In a bullish analysis of Chipotle in the middle of September, Piper Sandler said its long-term capital return was superior to its peers. Goldman Sachs analysts noted in an earlier bullish call on Chipotle that the cost of labor will continue to increase.
“It is key for investors,” Piper Sandler analyst Nicole Miller Regan told CNBC via email on Wednesday regarding the company’s strategy of investing in its employees, which is expected to be just above $2 billion by 2022. However, she noted that it’s more difficult to Wall Street to model precisely. “I am not sure as analysts we have all of the data to model it,” she wrote.
Chipotle remains consistent in its message about being a business that values people first even though that remains a variable direction with respect to the price of its stock as well Wall Street does see the Chipotle to be an ESG brand market leader that is appealing to the important groups of people.
In a report this week, Cowen wrote that among Gen Z consumers, Chipotle is a standout among restaurants for its issues such as food transparency, which is rapidly expanding as a digital business, and reducing packaging and waste, as well as consumption of energy, with 22% of the electricity generated by renewable sources. Although Cowen’s analysts found that Chipotle has a high degree of trust compared to other chains however, the one thing that was not mentioned among the ESG elements that were mentioned in the report was “labor standards and worker treatment.”
Cowen Analyst Andrew Charles said staffing is the most talked about restaurant issue of this moment for investors, and is a “massive issue” which has caused the industry to slow down a bit.

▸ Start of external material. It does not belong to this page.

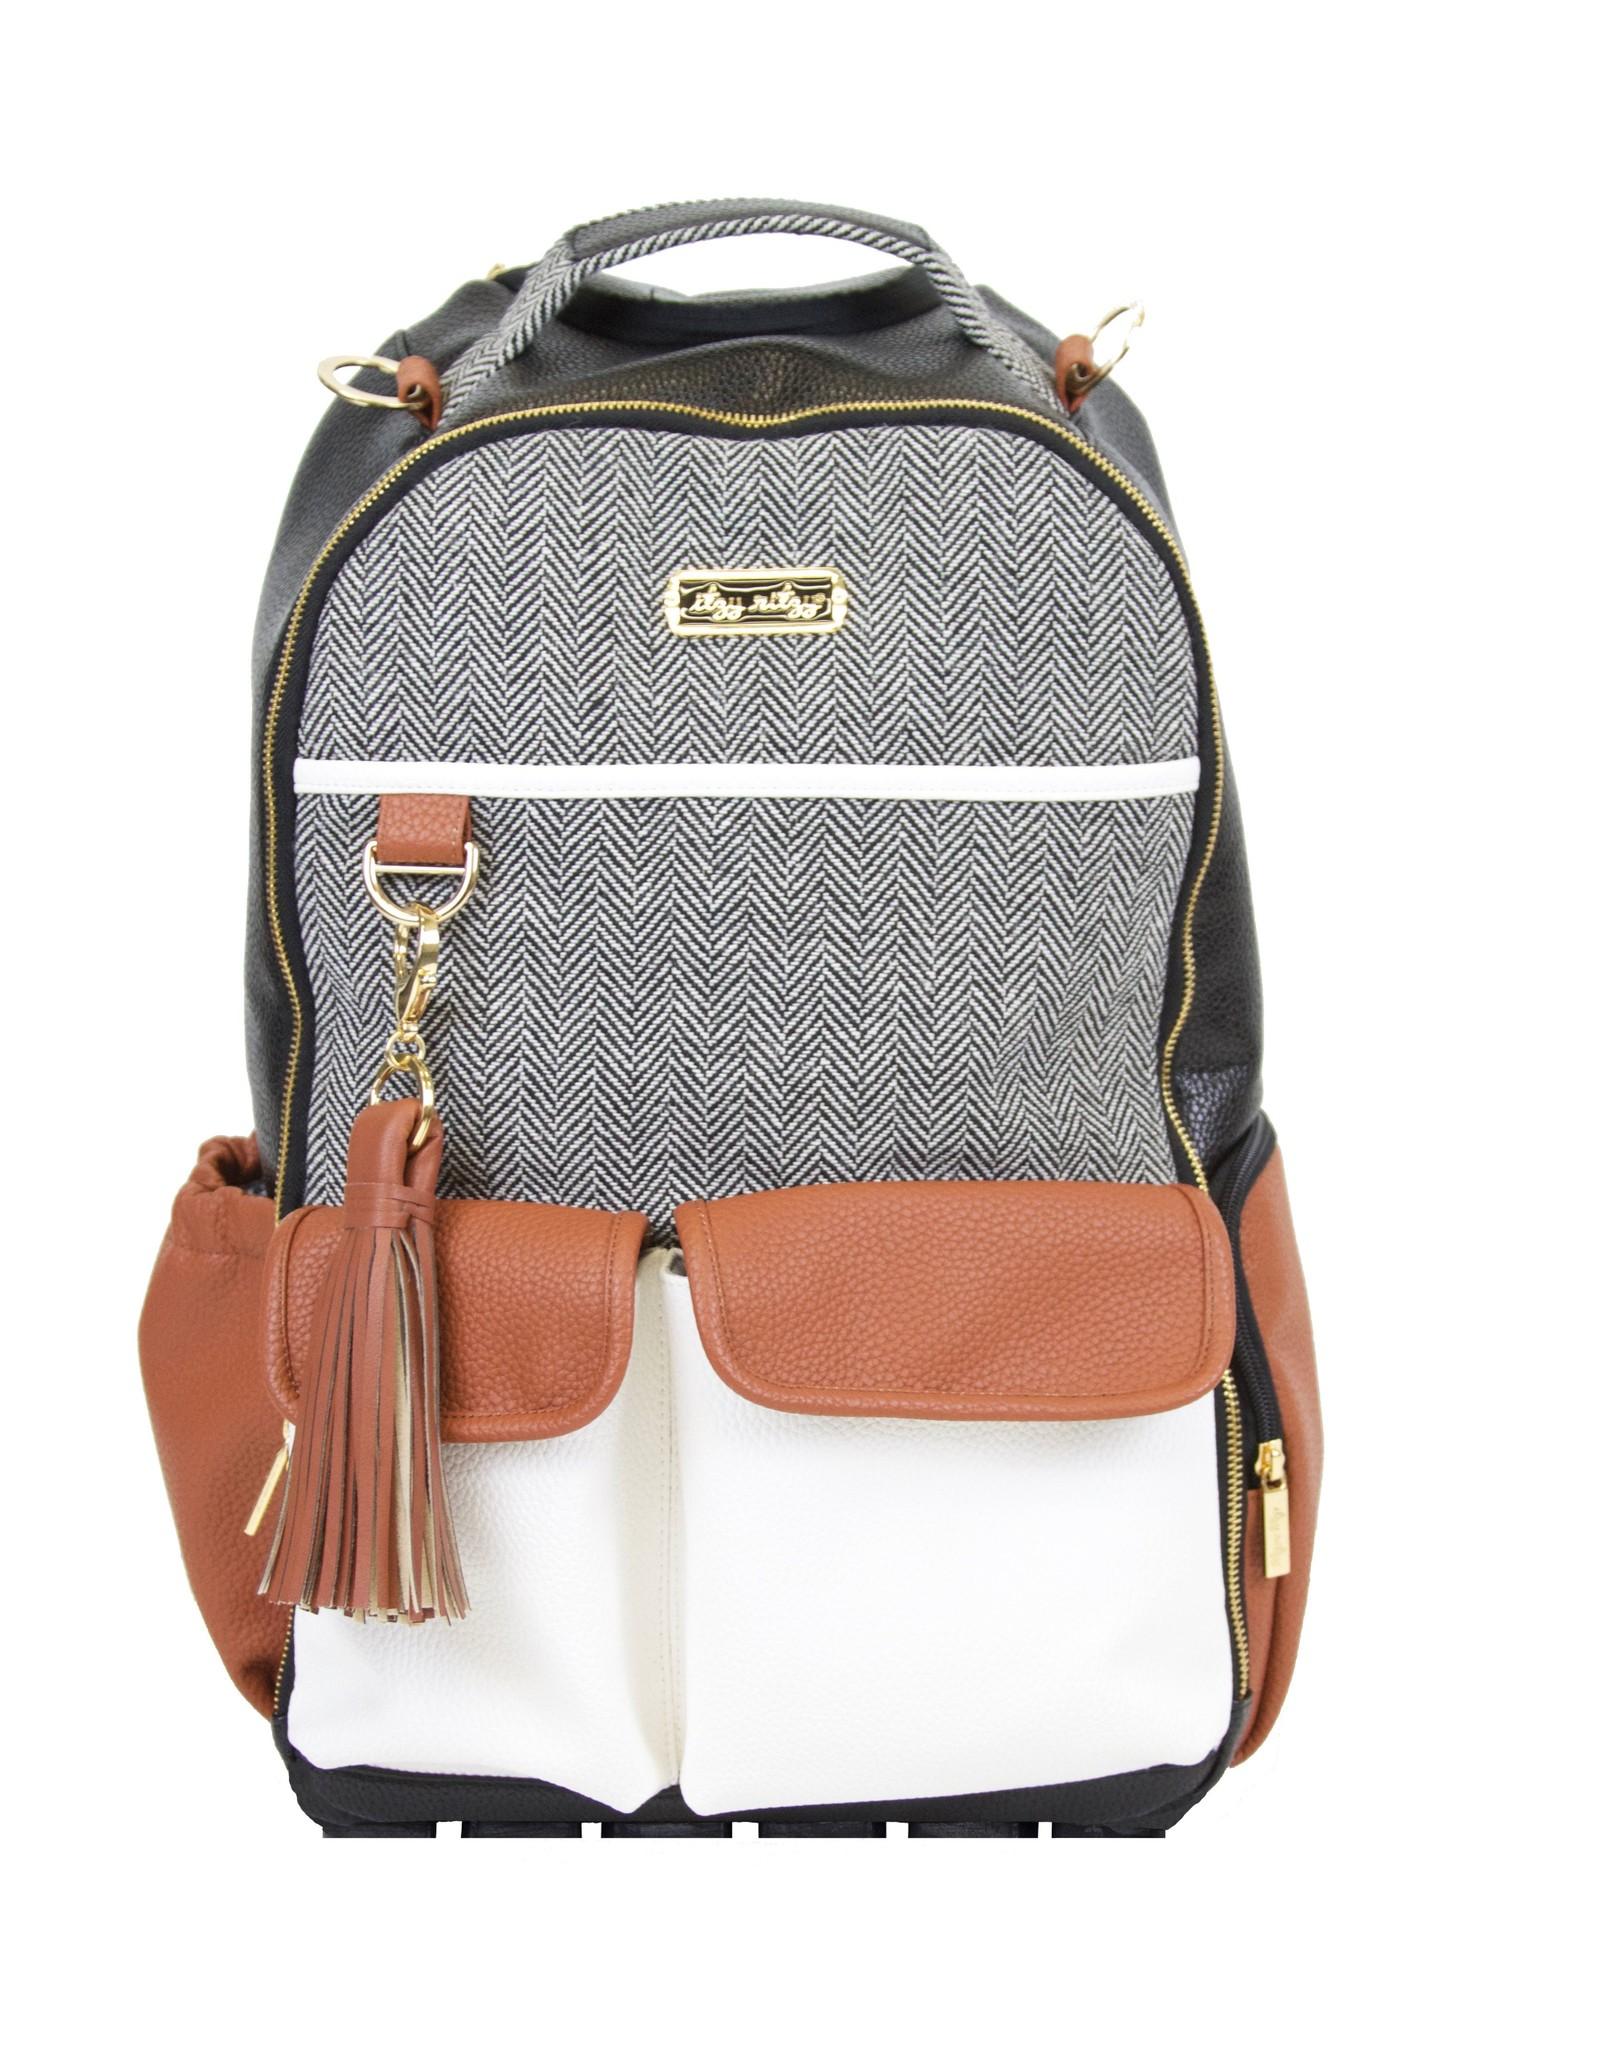 Itzy Ritzy Coffee & Cream Boss Backpack Diaper Bag

Chipotle isn’t immune to the pressures of the labor market however it is something that makes them stand out.
“They are best-equipped in the industry to deal with it,” he said, noting that their per-store annual sales are high relative to peers ($2.5 million per store) giving them more room to raise wages and benefits, including education and health, such as telemedicine-delivered mental health services which Andrada highlighted.

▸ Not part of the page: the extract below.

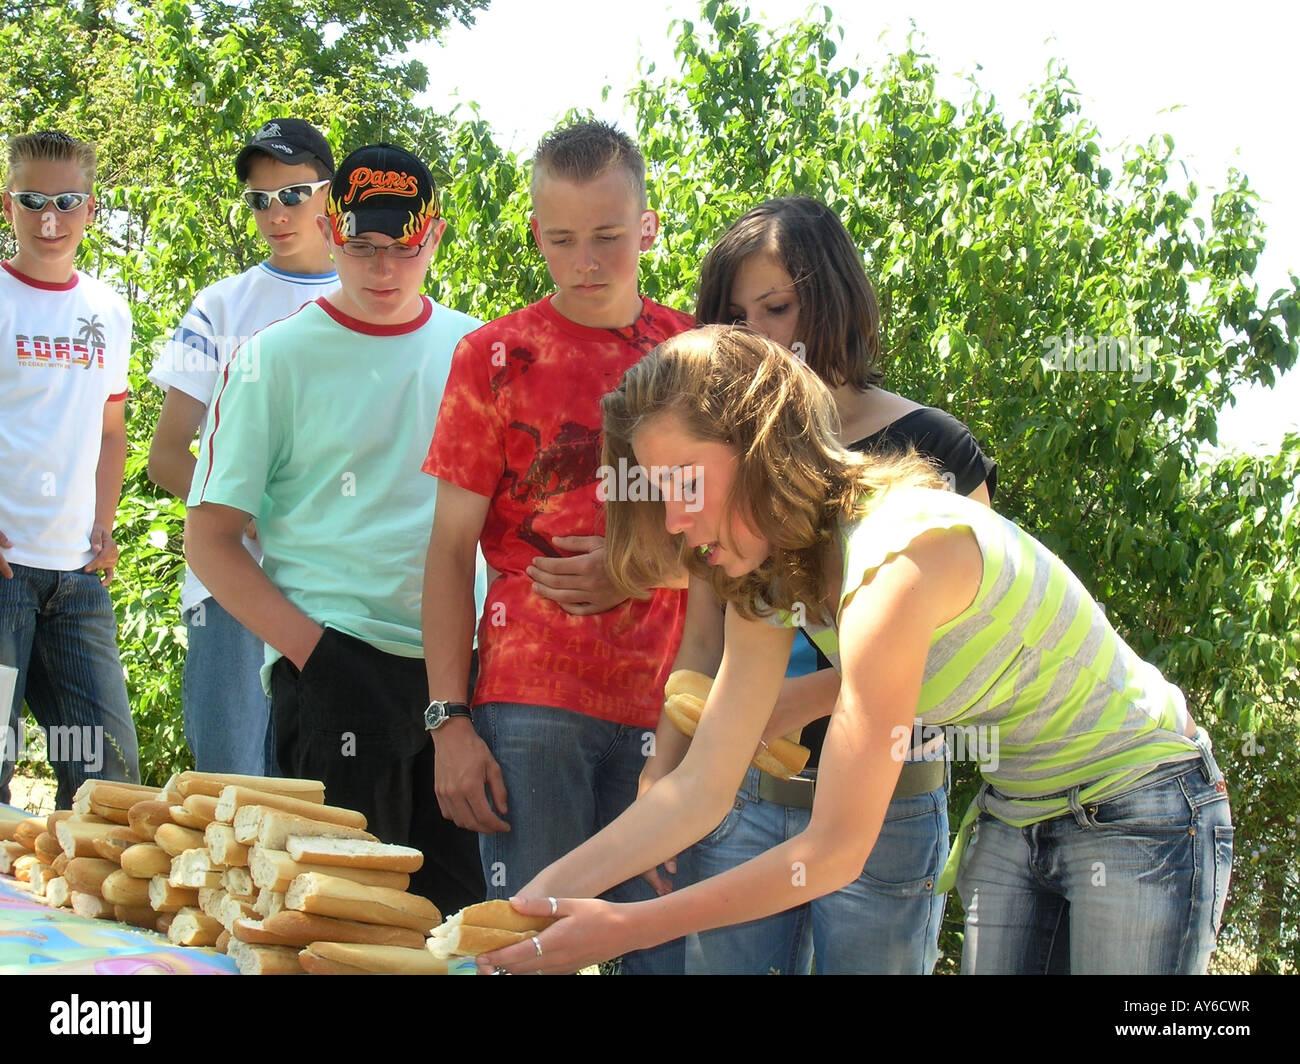 Group of schoolkids enjoying picnic in Bois de Boulogne Paris France - Stock Image

“It really ties to culture and I would argue these guys really have that down,” Charles stated. “And they are growing stores at a healthy clip and growing a company-operated system and can identify talent within the system.”

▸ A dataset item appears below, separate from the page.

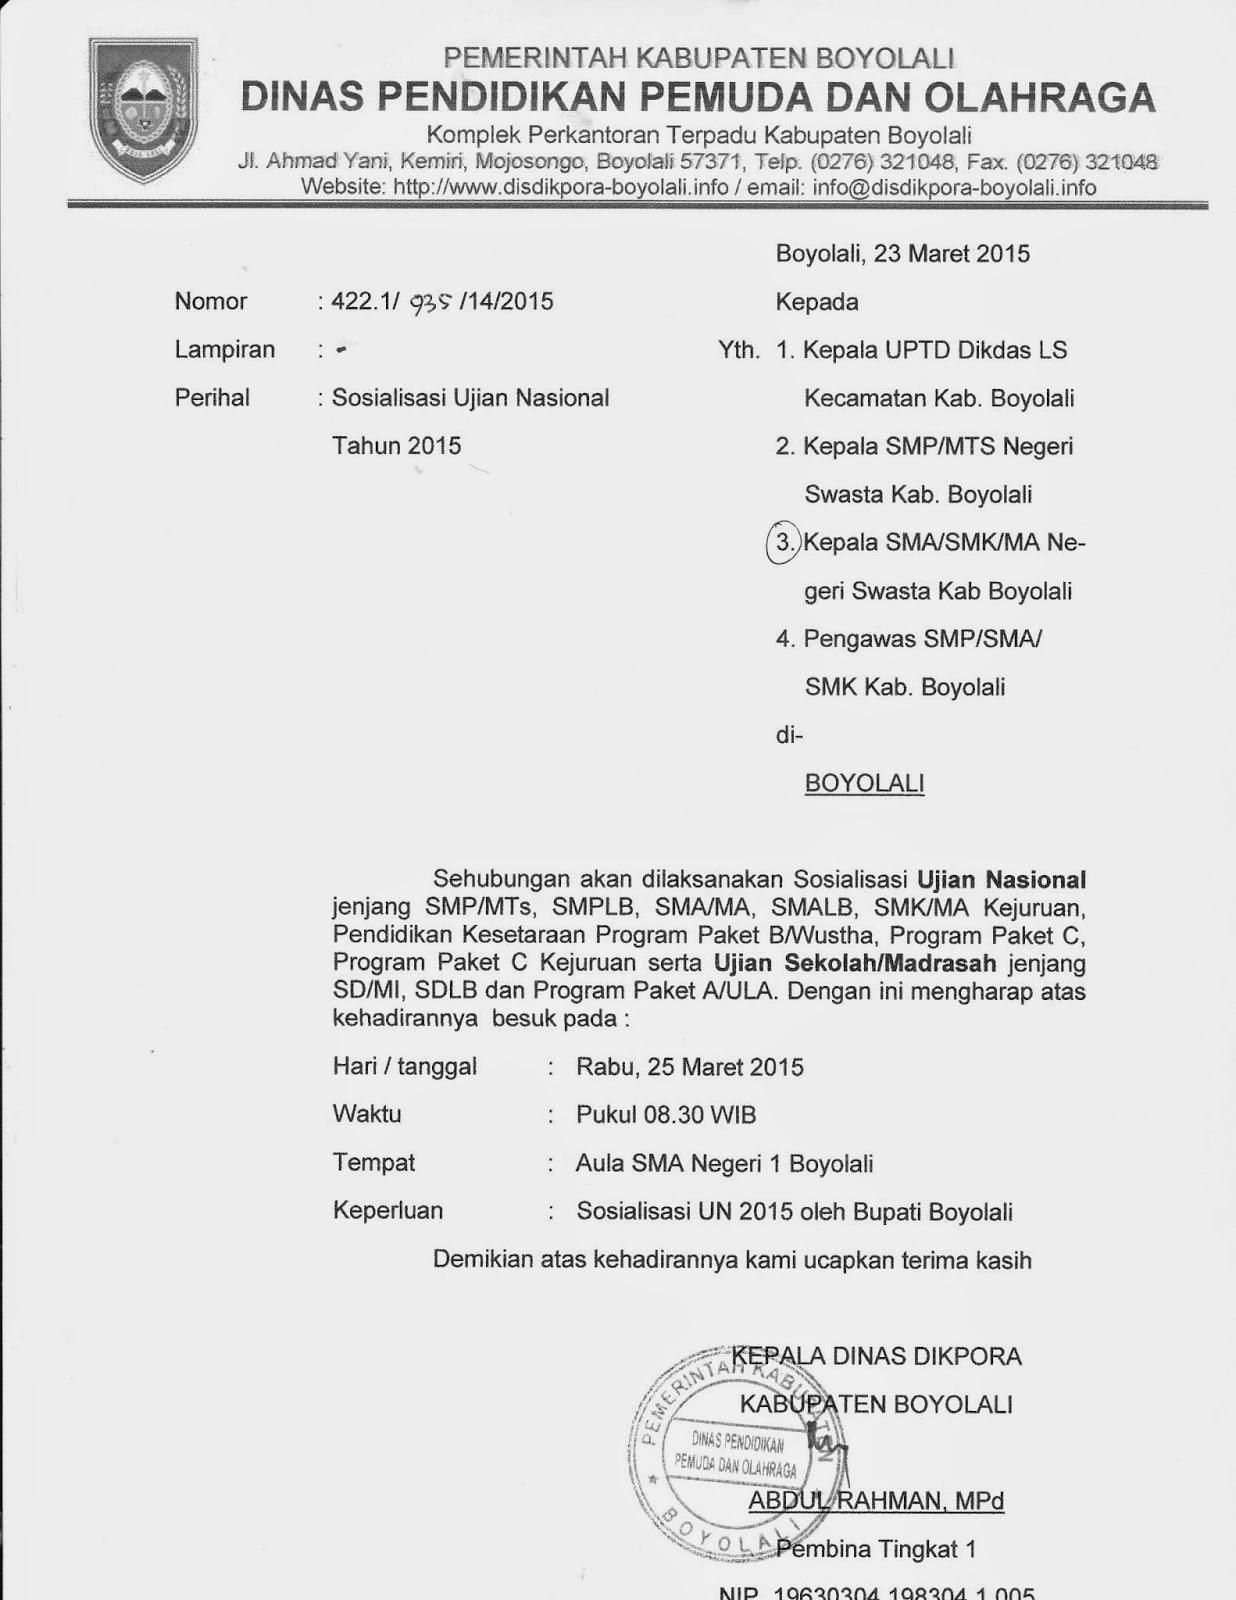 Info Sma Smk Kabupaten Boyolali Undangan Sosialisasi Un 2015 Oleh Bupati

Although the treatment of workers hasn’t been reflected clearly on ESG analyses as an important driving factor as sustainability measures Cowen could follow, Charles said going to $15 an hour was “a big bet.” In addition, he said with food industry’s competition that is centered around staffing the way they do business is spot on.
Andrada stated that companies must “get really clear about who you are and what you stand for.”
For Chipotle it’s a matter of having a culture that is “manically focused on people-first,” she added, and this “makes decisions on investments in people really easy.”
In the end, worker concerns and the broader culture of the company could be reflected within the ESG market. “Chipotle has always been and will always be rooted in purpose and in this ESG world we live in, that suits them very well and is a big tailwind,” Charles stated.
There’s a significant distinction between looking at labor as an operational cost that an organization would like to keep to be as low as is possible or in the context of an investment which must to be made annually in a long-term return-on-investment plan, Hartung said. If it’s the investment for education or other benefit offered to employees that a business can’t expect to expect to see that benefit “next year,” he stated, but the investment is likely to be long-lasting. “We have between $300 million and $400 million of capex every year mostly in restaurants. Pay and benefits is at a rate of $2 billion every year.”
The company will not invest the funds into work in the event of some kind of return in the future, which would be in the form of leaders as well as financials. “Over time, we will have great people and results,” Hartung declared.